I’ve been downloading torrents for a long time and people keep telling me about how great Usenet is, but is it actually safer than BitTorrent downloads? Or is it just not as popular?
Title image remixed from Leremy (Shutterstock).
First off, BitTorrent and Usenet are both pretty safe provided you’re not downloading anything illegal and we don’t condone you use either for anything else. That said, you can face problems even if you aren’t doing anything illegal — like ISPs throttling your traffic or exposing your IP address and download habits to anyone watching.
Even though it has been around for years, Usenet is still a bit of a mystery to a lot of people. If you want to get caught up on everything you need to know check out our guide to Usenet. On the surface, Usenet seems like it should be a lot safer because you’re not directly sharing files with other users and tracking your activity is a lot more difficult, but you’re not completely anonymous on Usenet either. Let’s break down how it all works.
Anonymity And Secure Downloading On Usenet
Let’s start by getting a good grasp on how Usenet works. First, you pay for a subscription to a Usenet provider. This gives you a monthly or data-capped plan to access information stored on Usenet. Every provider gives you access to the same files, much like an internet service provider (ISP) gives you access to the same internet.

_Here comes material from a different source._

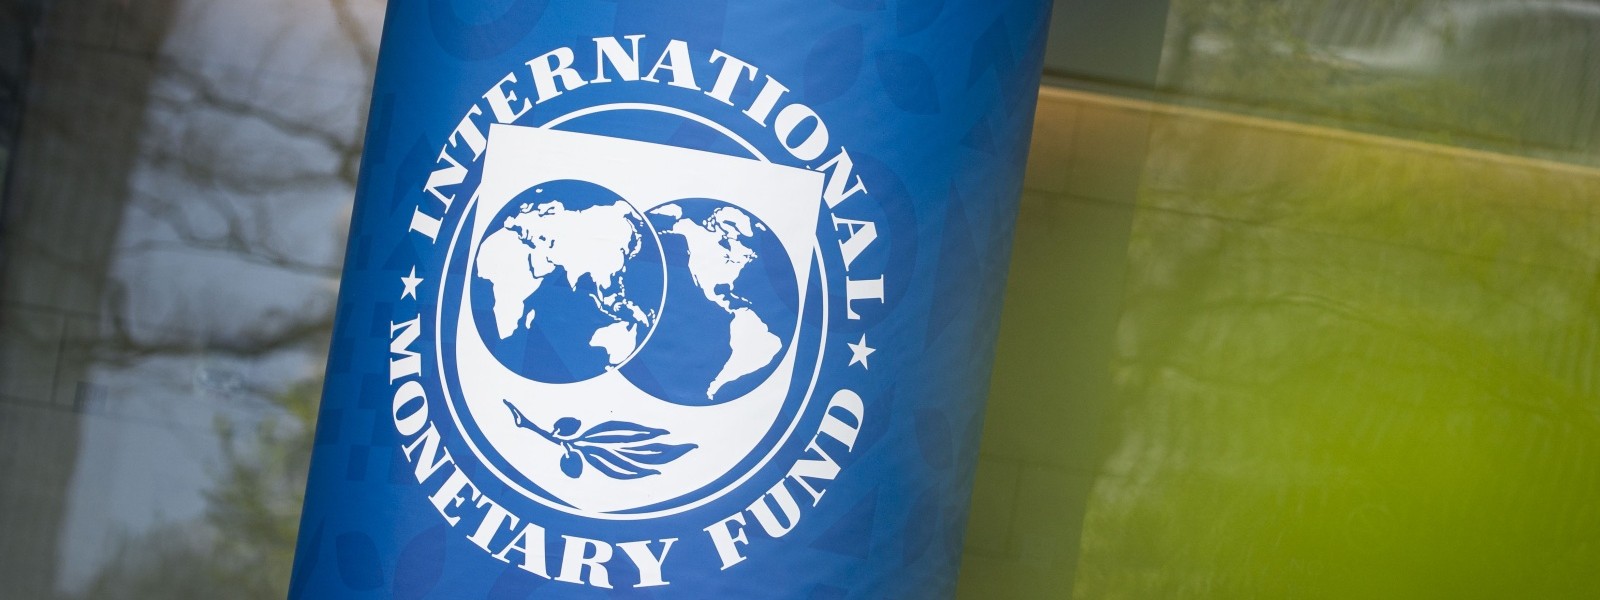 Despite signs of stabilization, full economic recovery not yet assured – IMF Mission

Remaining completely anonymous on Usenet is very difficult. Unlike a P2P network, you have to pay a provider to get access to Usenet files. In order to pay you have to send over your credit card and billing information to get access to Usenet files and services. You could use an anonymous payment service like Bitcoin, but we won’t get into that here.
Luckily, Usenet providers are good at keeping your download activity under wraps. Most Usenet providers offer a Secure Socket Layer (SSL) for everything you download, meaning nobody but you and the provider has any idea what you’re downloading. Your internet service provider could notice you’re taking up a lot of bandwidth, but they don’t know how or why. To their eyes you could be downloading the newest Linux build or you could be watching a three-hour long porn epic.
In fact, they won’t even be able to tell that you’re using Usenet. The only person who knows what you’re downloading is your provider, but since most Usenet providers do not keep logs of your activity (and since the retention rate — the length of time a server keeps files — isn’t permanent like a torrent), tracking your downloads is far more difficult.
This differs from peer-to-peer in one key way. Tracking peer-to-peer downloads is as simple as looking at the IP address of someone seeding files (although, we’ve shown you anonymize your BitTorrent tracking before if you’re interested). Usenet is a server filled with files uploaded by people just like yourself, so you’re not broadcasting your IP address to strangers when you’re downloading — you’re only broadcasting it to your Usenet provider, who keeps no lasting record of your activity. Even if someone wanted them to hand over a list of everything you’ve downloaded, they wouldn’t be able to because it doesn’t exist. Image: Nite_Owl.
Potential Legal Troubles
Since Usenet is often used for piracy, it’s been having some legal troubles just like BitTorrent. Usenet users have been safe from prosecution so far, but providers haven’t been. In 2007 the RIAA won a similar lawsuit against Newzbin. The claims, at least from a legal point of view, are similar to the ones filed against sites like MegaUpload or Pirate Bay in that Usenet providers offer access to files that are often copyrighted works.
The problem is, like we mentioned above, all Usenet providers give access to the same content so taking one down does absolutely nothing for the content. Usenet files uploaded by individuals are stored on servers around the world, not on one single person’s hard drive. This is different than BitTorrent because a BitTorrent tracker actually tracks who has files and where. It’s a heck of a lot harder to find and get rid of files on Usenet, which is why it’s a great place to find crazy old out of print and unlicensed works of music and movies.
You Can Still Get Viruses And Malware From Usenet
One advantage peer-to-peer has over Usenet is that a lot of the links to torrent files are filled with comments. Inside those comments you’ll find information about whether a virus was found or malware was detected. Usenet search engines often have similar comments, so you should check through those to avoid any bad repercussions — and, just like with torrents, it’s always a good idea to scan them yourself. Luckily, we’ve shown you a great way to automate this process for all your downloads.
The point is that the safety of the files is almost as unpredictable as torrents, so it’s always a good idea to scan them before opening and installing anything. As far as your anonymity is concerned, as long as your Usenet provider offers SSL you’re pretty safe and you’re harder to track on Usenet than if you’re using BitTorrent. Your definitely safer on Usenet than openly using BitTorrent, but if you’re using BitTorrent with the security measures mentioned above they’re about equal. Image: inane_spiel.